The ERG carried out the following analyses which the manufacturer declined to undertake: (1) a meta-analysis of trials to derive a more precise estimate of treatment effect in terms of overall survival (Section 7.1.1 of the ERG report [see the "Availability of Companion Documents" field]), disease-free survival (Section 7.1.2 of the ERG Report), distant recurrence (Section 7.1.3 of the ERG Report) and cardiac toxicity (Section 7.1.4) of the ERG Report; and, (2) a critical evaluation of the role of the FinHer study in decision-making (Section 7.1.5 of the ERG Report).

For time-to-event outcomes, summary statistics from the published literature were meta-analysed using the method described by Parmar, Torri, & Stewart, (1998) with a fixed effects model. Heterogeneity between trial results was tested using the chi² test and the I² measurement. The chi² test measures the amount of variation in a set of trials. Small p values (p<0.10) suggest that there is more heterogeneity present than would be expected by chance. I² is the proportion of variation that is due to heterogeneity, rather than chance. Large values of I² suggest heterogeneity. I² values of 25%, 50%, and 75% could be interpreted as representing low, moderate, and high heterogeneity.
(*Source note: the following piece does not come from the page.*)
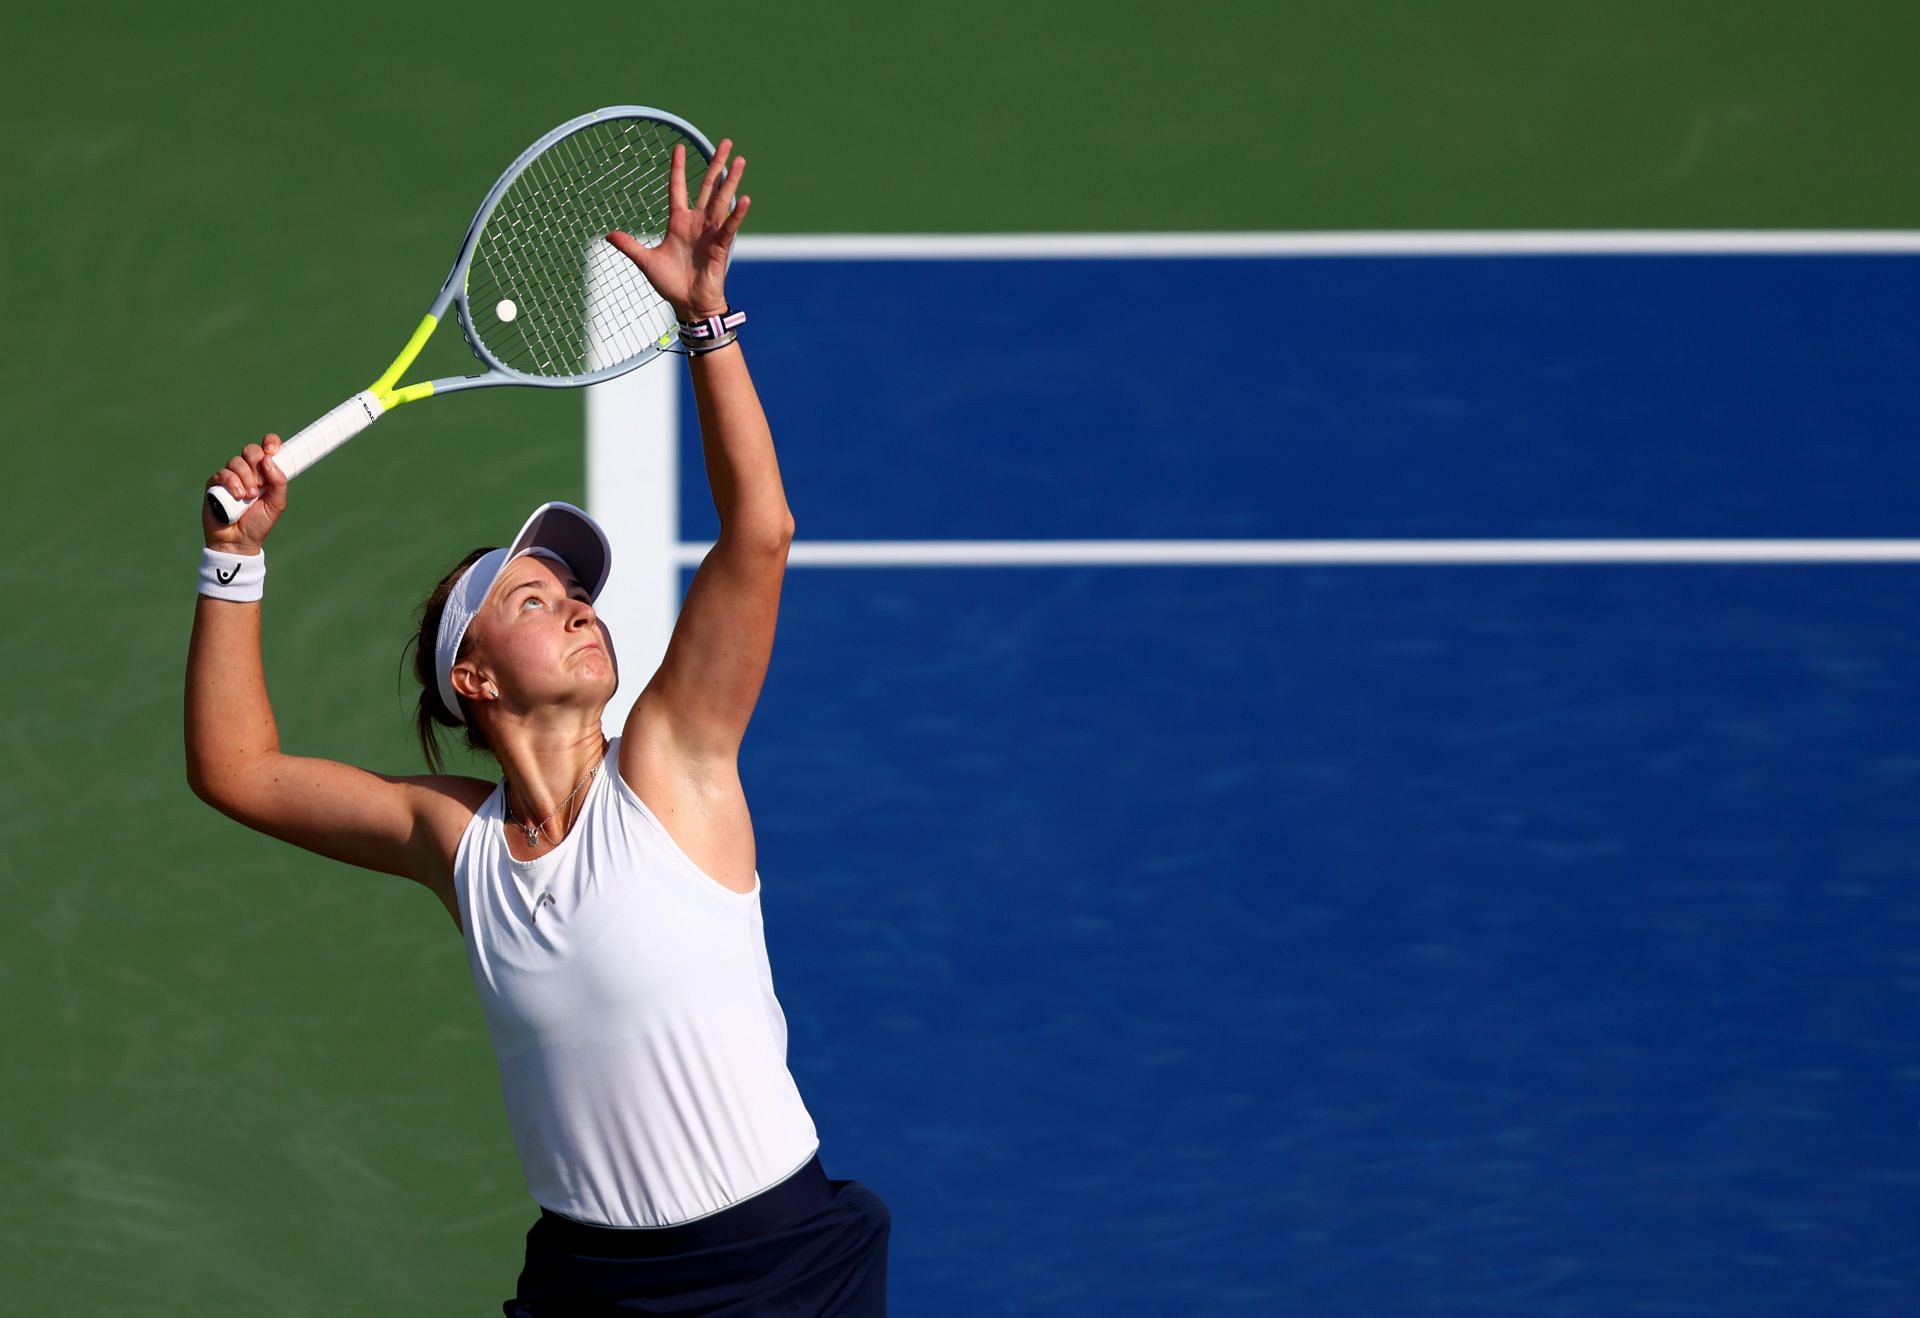 Barbora Krejcikova serves during her first-round match in Dubai

The Absolute Risk Reduction (ARR) and Numbers Needed to Treat for time-to-event outcomes were calculated using methods described by Altman and Andersen (1999). This method uses the numbers of patients still at risk (alive) at the time corresponding to the estimated probabilities (reported or imputed), or hazard ratios and 95% confidence intervals, to calculate confidence intervals for each statistic.

Cost-Effectiveness

As a result of the communication with Roche, the ERG has developed what they believe to be a reasonable revised base-case. Sensitivity analysis has also been carried out to ensure that the model results are robust. The analysis is described in Section 7.2 of the ERG Report (see the "Availability of Companion Documents" field).

Expert Consensus

Considerations

Technology appraisal recommendations are based on a review of clinical and economic evidence.

Technology Appraisal Process

The National Institute for Health and Clinical Excellence (NICE) invites 'consultee' and 'commentator' organisations to take part in the appraisal process. Consultee organisations include national groups representing patients and carers, the bodies representing health professionals, and the manufacturers of the technology under review. Consultees are invited to submit evidence during the appraisal and to comment on the appraisal documents.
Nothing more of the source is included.